Careproctus ovigerus, commonly known as the abyssal snailfish, is a species of snailfish found in the northeastern Pacific Ocean. It is found at depths of 1920-2910 m off northern British Columbia and off Washington state.

==Taxonomy==
Careproctus ovigerum was first formally described as in 1896 Bathyphasma ovigerum by the American ichthyologist Charles Henry Gilbert with its type locality given as off the Queen Charlotte Islands in British Columbia. The species is classified in the monospecific genus Bathyphasma by some authorities.

==Description==
Like other members of the family Liparidae, C. ovigerus is an elongated fish with a gelatinous skin with no scales. The pectoral fins are large and used for locomotion and the pelvic fins are modified into an adhesive disc. C. ovigerus grows to a maximum length of 43 cm.

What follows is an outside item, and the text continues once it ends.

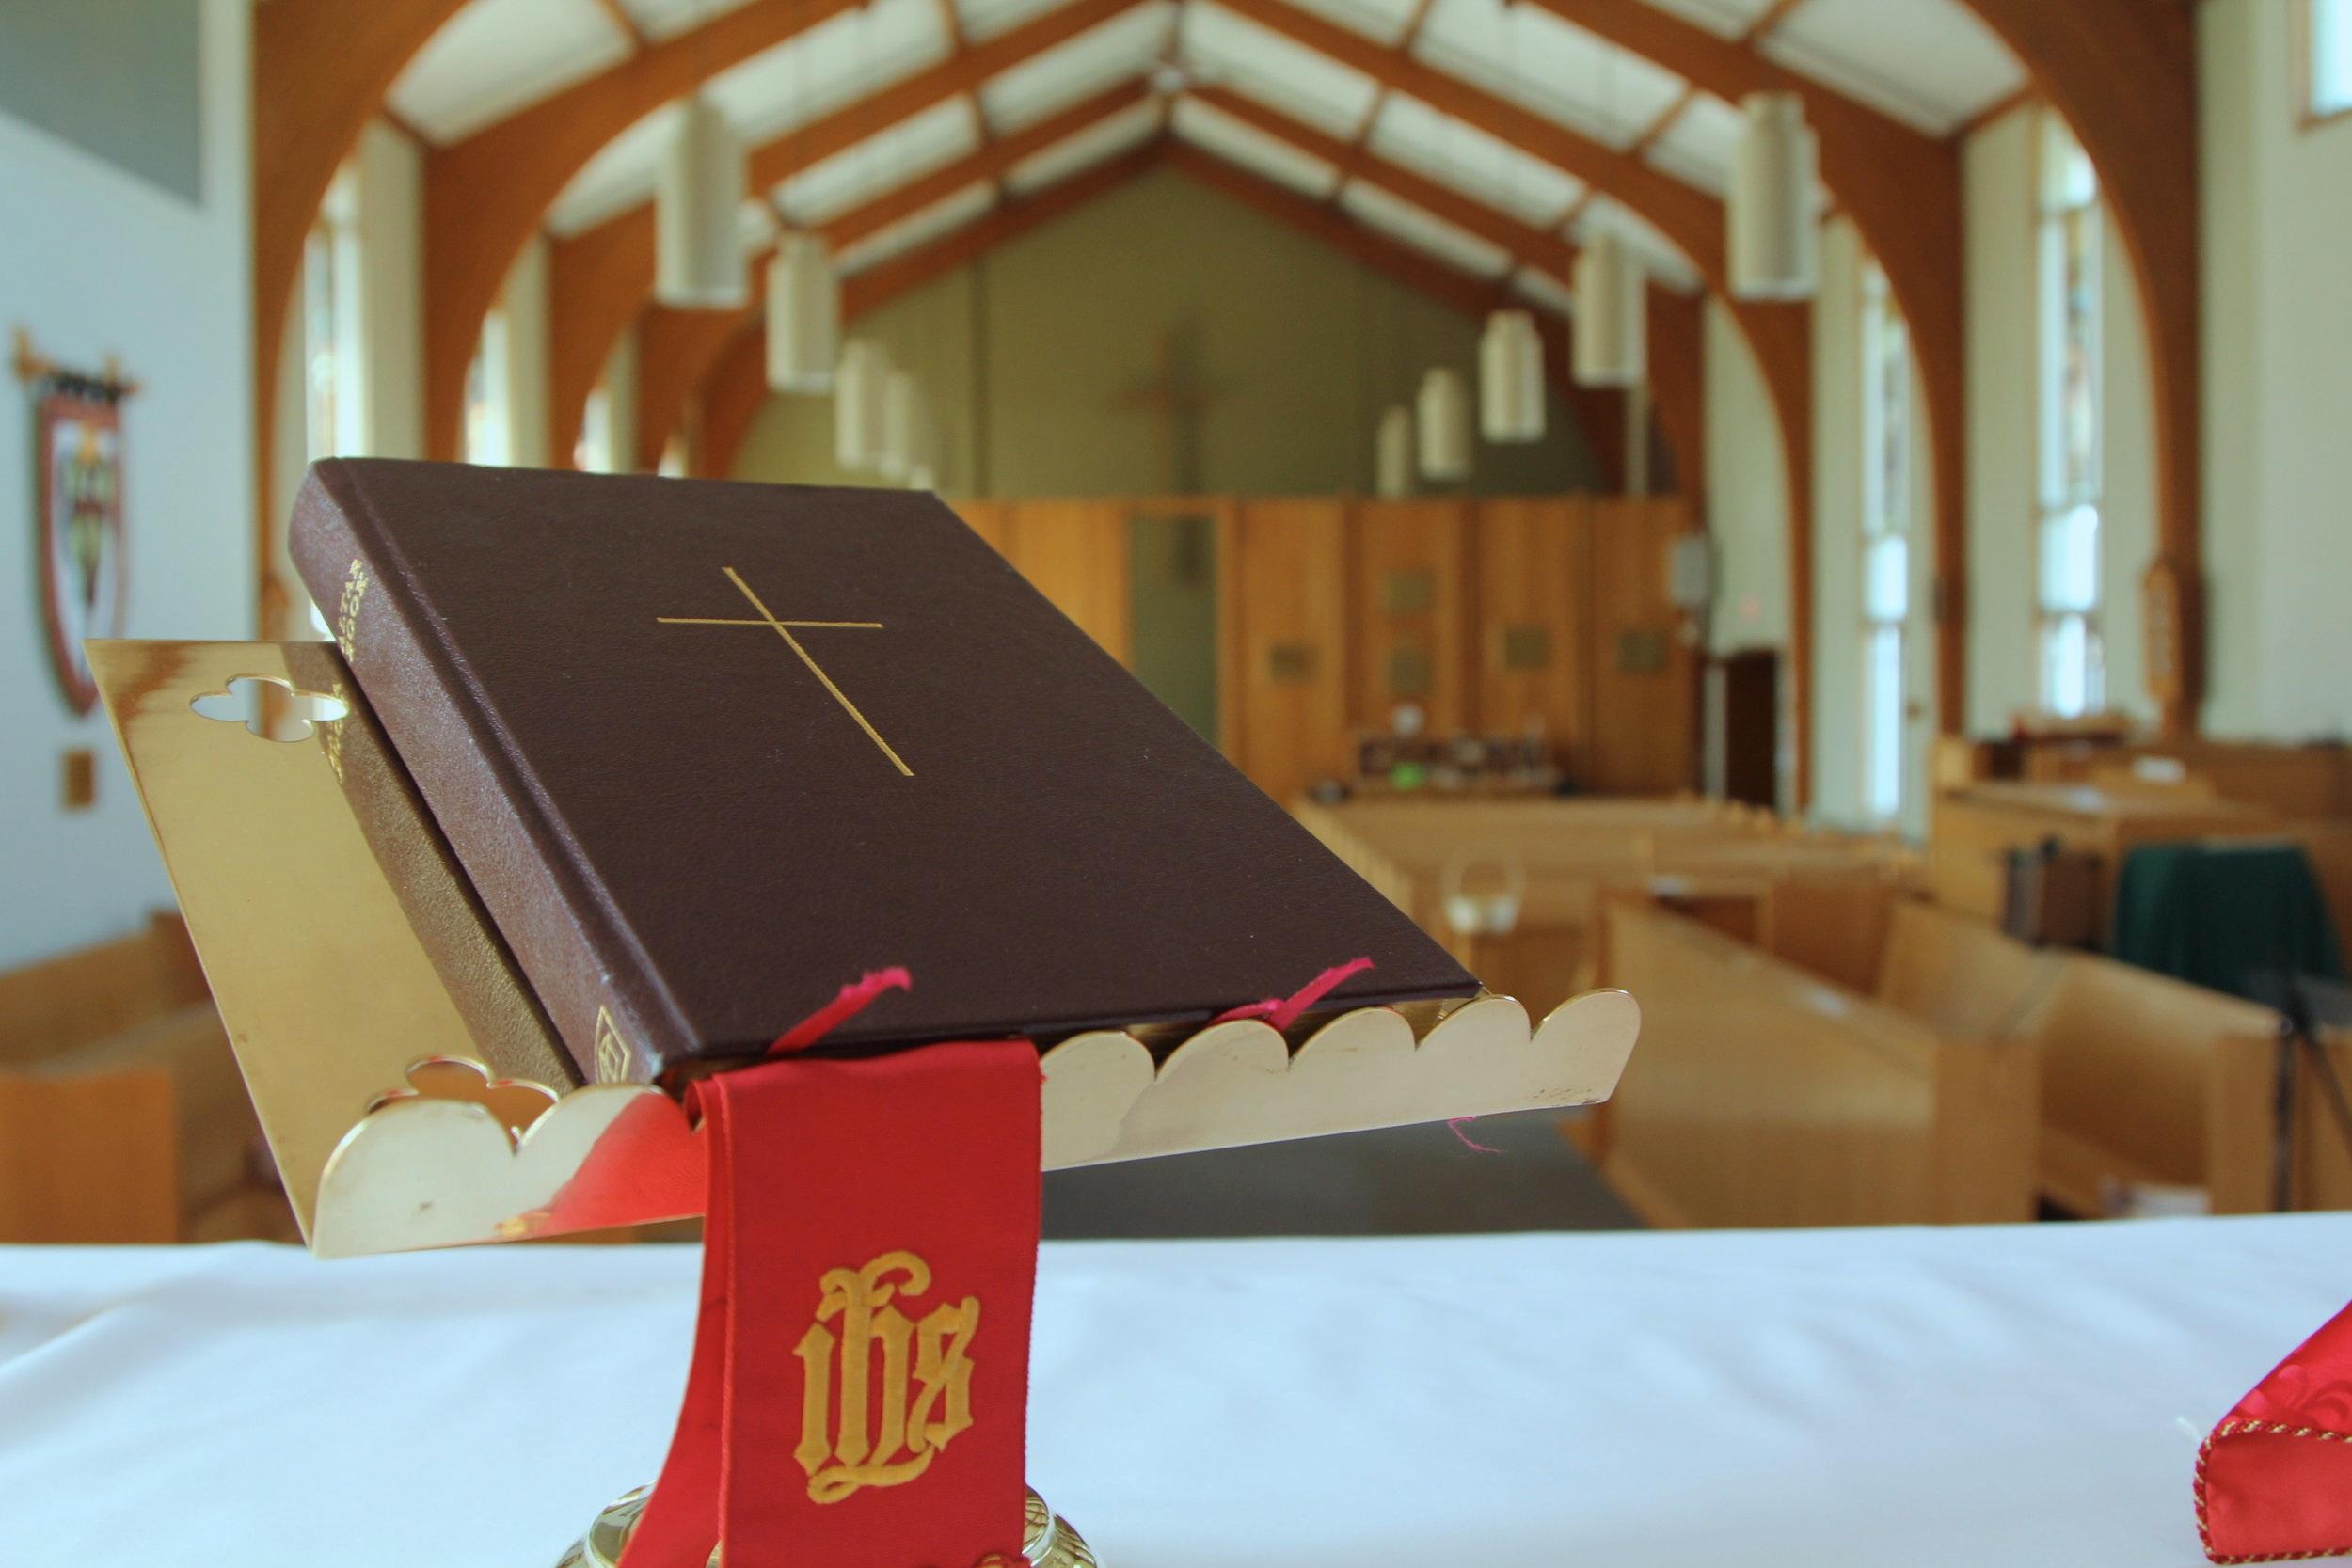 christ church seaway - SUNDAYS8:00 AM Eucharist* 10:00 AM EucharistWEDNESDAYS10:30 AM Eucharist (September - May)* Book of Common Prayer

The dorsal fin has no spines and 40 to 45 soft rays and the anal fin has no spines and 35 to 36 soft rays. The pelvic disc is 26 to 38% of the total length of the fish. Fish in the genus Careproctus can often be distinguished by the pore pattern made by the cephalic pores (the nasal, maxillary, preoperculomandibular and suprabranchial pores); in this species the pattern formed is 2–6–7–1. This species closely resembles C. lycopersicus and C. kamikawai, but those two species have tri-lobed teeth in several broad bands while C. ovigerus has simple, sharp recurved teeth in a single narrow band.

==Behavior==
Careproctus ovigerus is thought to be a mouth brooder as the holotype, a male, was found to be carrying two developing eggs in his mouth. Two immature females of 18 cm standard length had undeveloped ovaries containing many small eggs 1 mm in diameter, while larger, mature females had fewer, large-yolked eggs in their ovaries, the egg being some 6 to 7 mm in diameter.